Des bus servent de navettes jusqu’au terminal, la sécurité de Delta Airlines effectue un premier examen de nos pièces d’identité au moment où nous entrons, les hôtels sponsorisés nous inondent de tarifs préférentiels. Le guide BayCrawler me recommande une chambre économique au Baywiew-Hunters Point Holiday Inn, à la journée. Je réserve, les termes et conditions défilent, à demi ombrés. Accepter, Accepter – Tout accepter. Des heures à faire la queue, à naviguer entre des cordons, chacun assis sur sa valise, les yeux vitreux, à regarder des flux. Le neurospam balance tout un fatras de lumières dansantes : comparatif de taux des bureaux de change pour les voyageurs étrangers, taxis, taxis jaunes, une Paris cacochyme, en leggings dorés, qui me supplie de transférer ma réservation au Hilton Days Inn, avec des chambres moins chères, et HBO qui clignote en surimpression, et Holiday Inn qui me rappelle à tue-tête que ma réservation est non remboursable, et des femmes drapées dans des serviettes de bain qui m’offrent services de remise en forme et visites guidées de la ville. Vous connaîtrez une fin heureuse à San Francisco !

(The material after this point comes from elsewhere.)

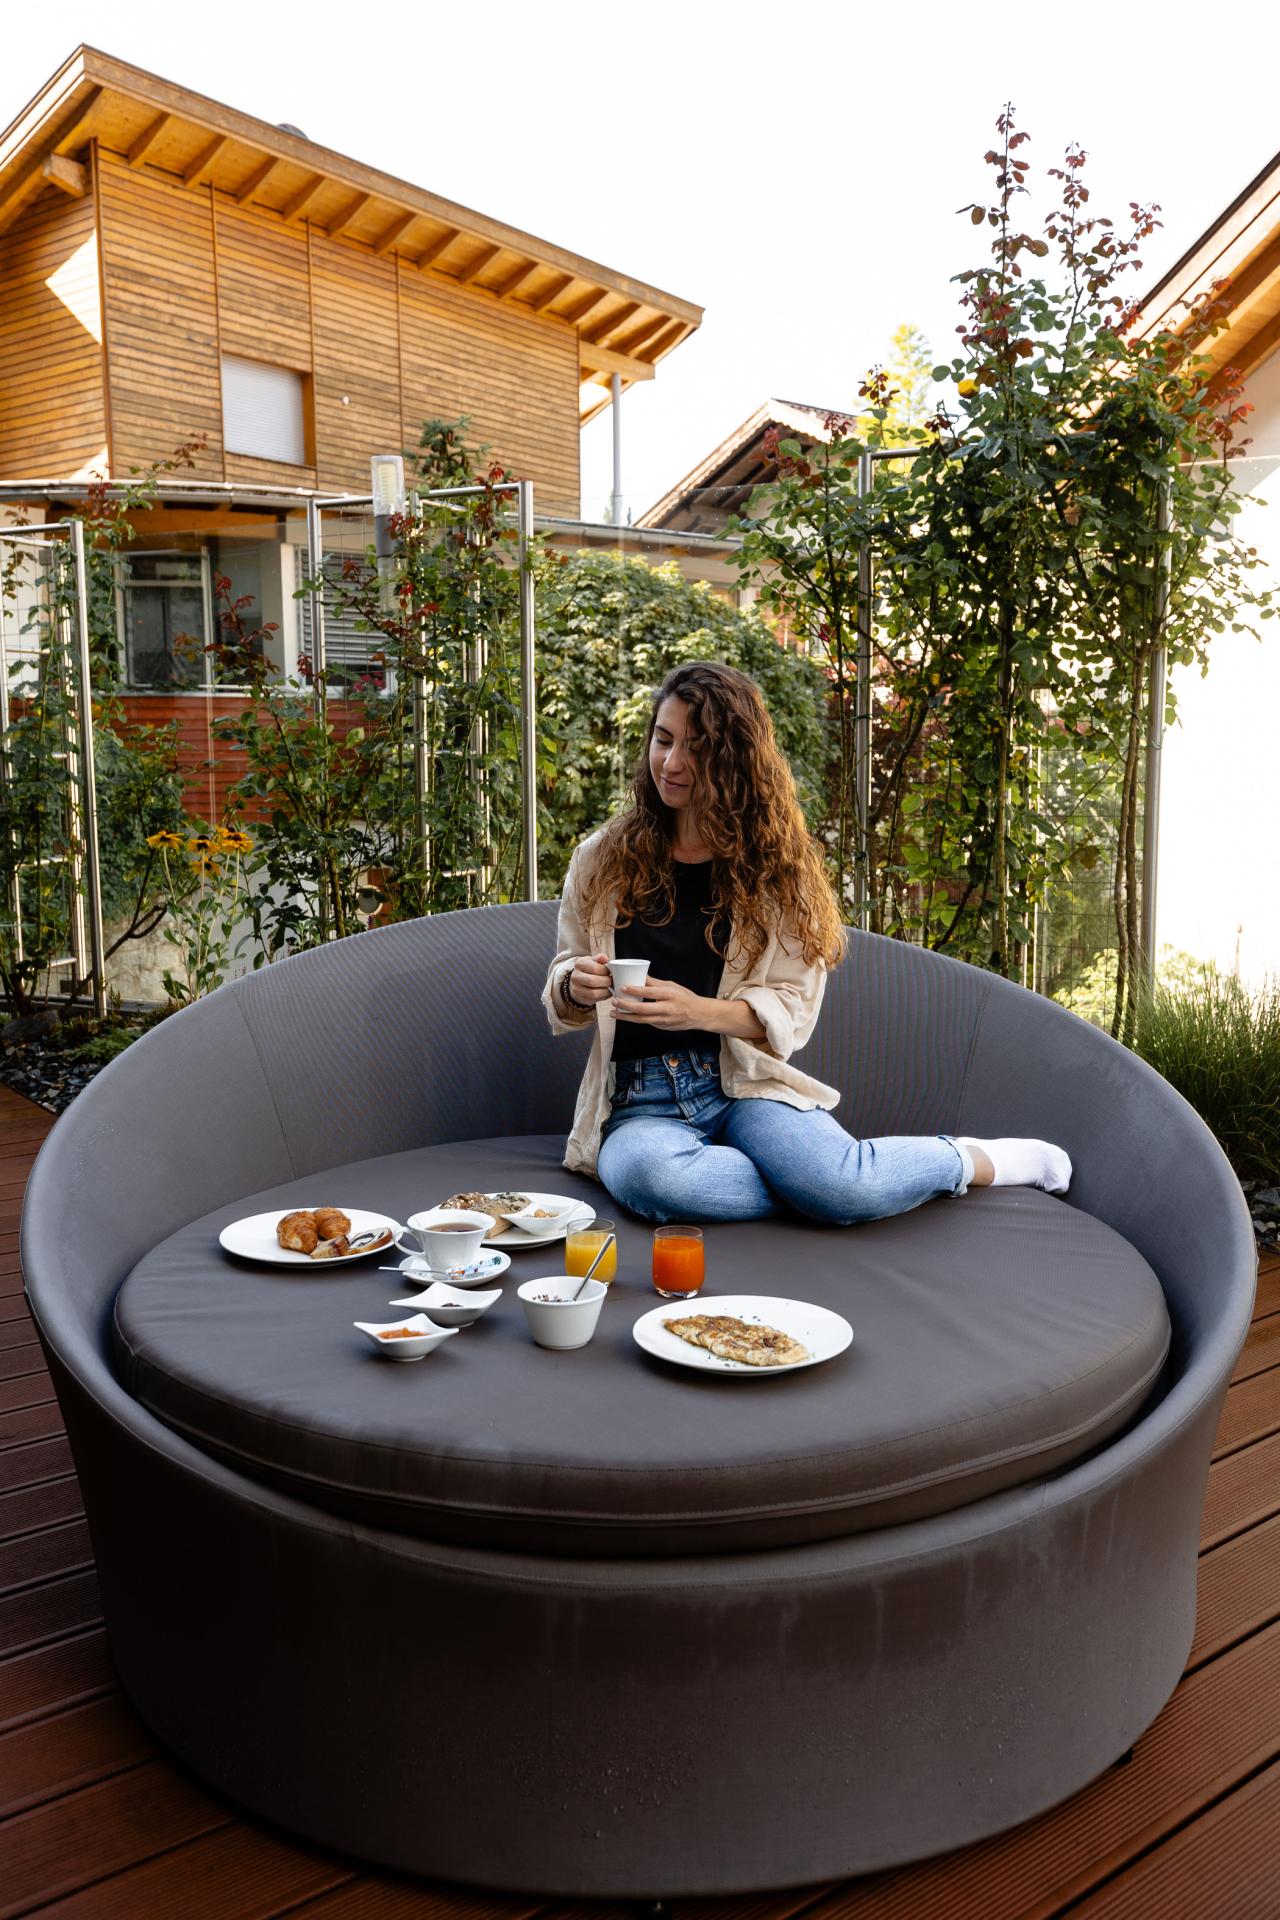 Frau, die in einem Garten auf einer runden Couch sitzt und frühstückt
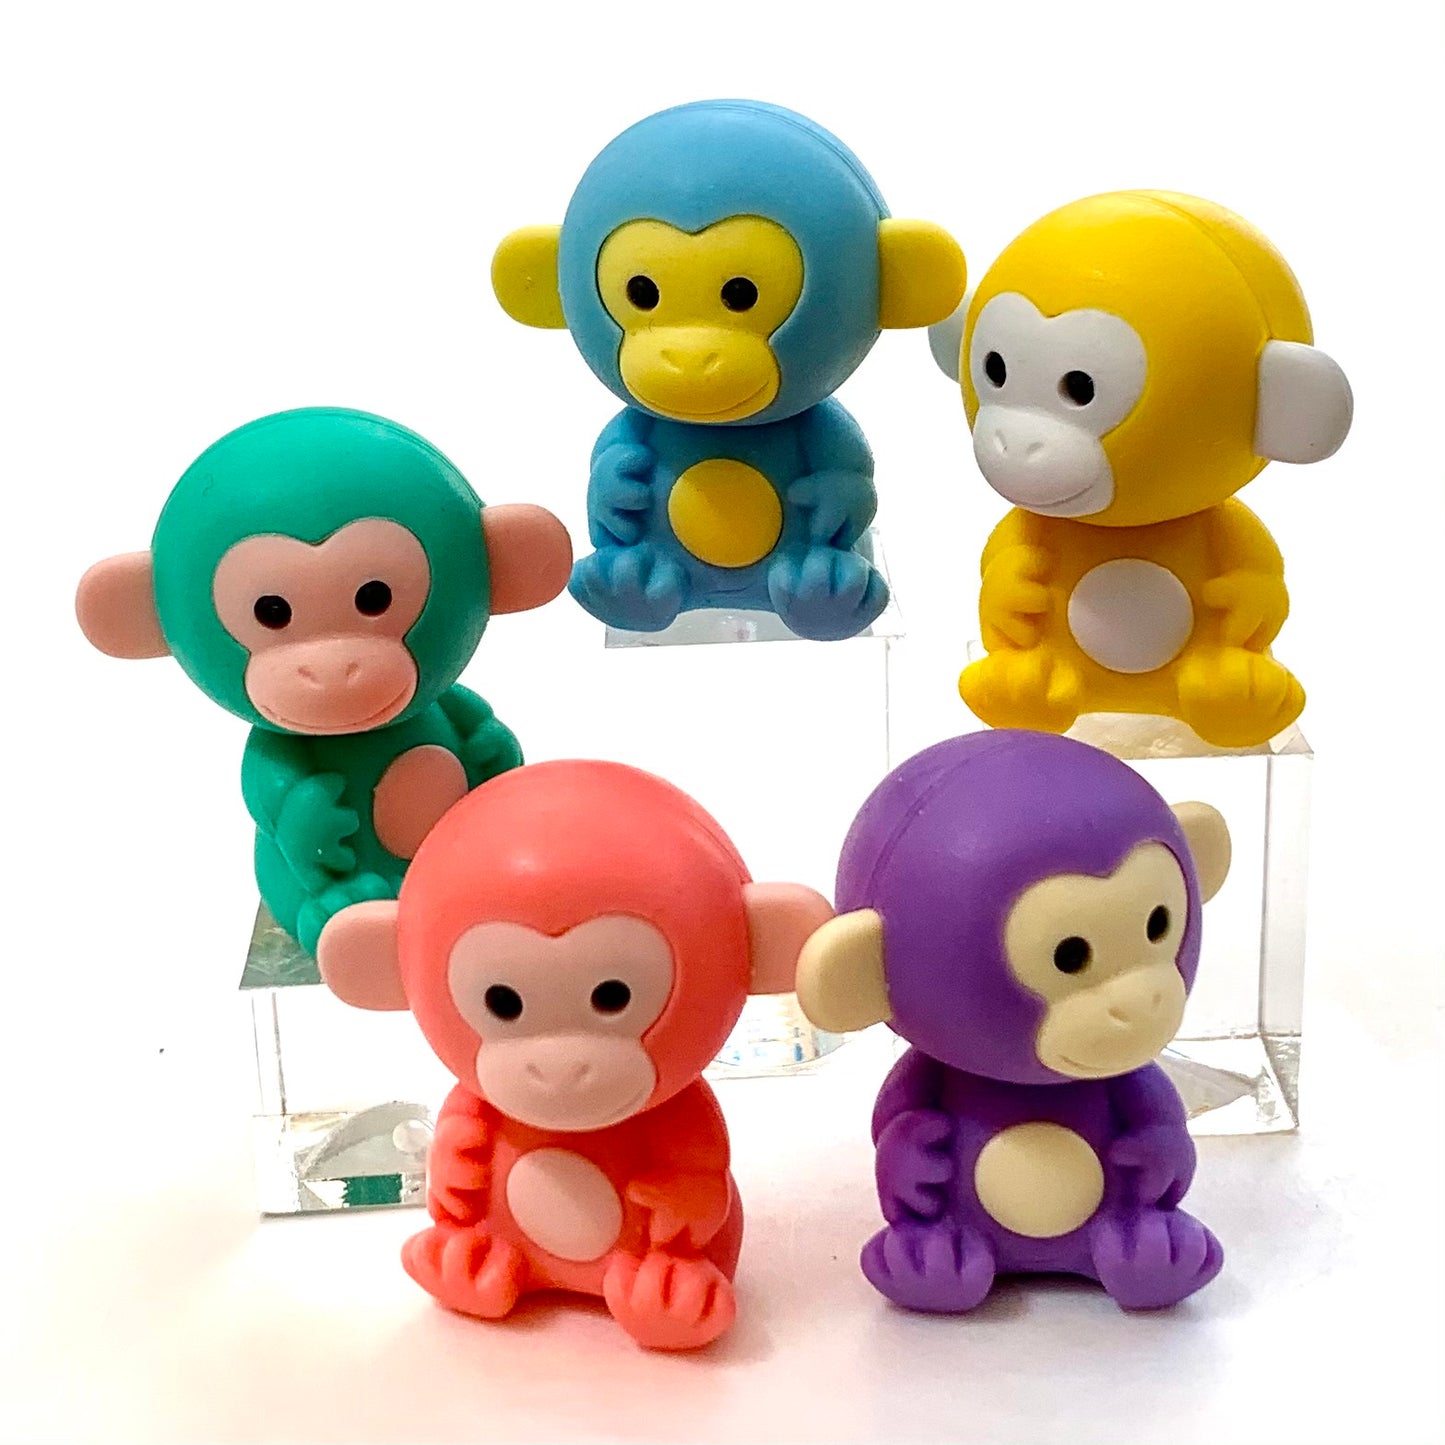 38455 Iwako Colorz Monkey -12 sets of 5 Erasers

Le contact de Gavril est un agent de Nirvana Modeling du nom de C.Q. Je l’appelle mais il ne répond pas. J’appelle à nouveau, avec une demande d’amitié et les pièces jointes de Gavril, mais toujours pas de réponse. Je texte : Dominic, un ami de Gavril. Je cherche un mannequin avec lequel vous travaillez peut-être. Gavril vous a-t-il contacté ?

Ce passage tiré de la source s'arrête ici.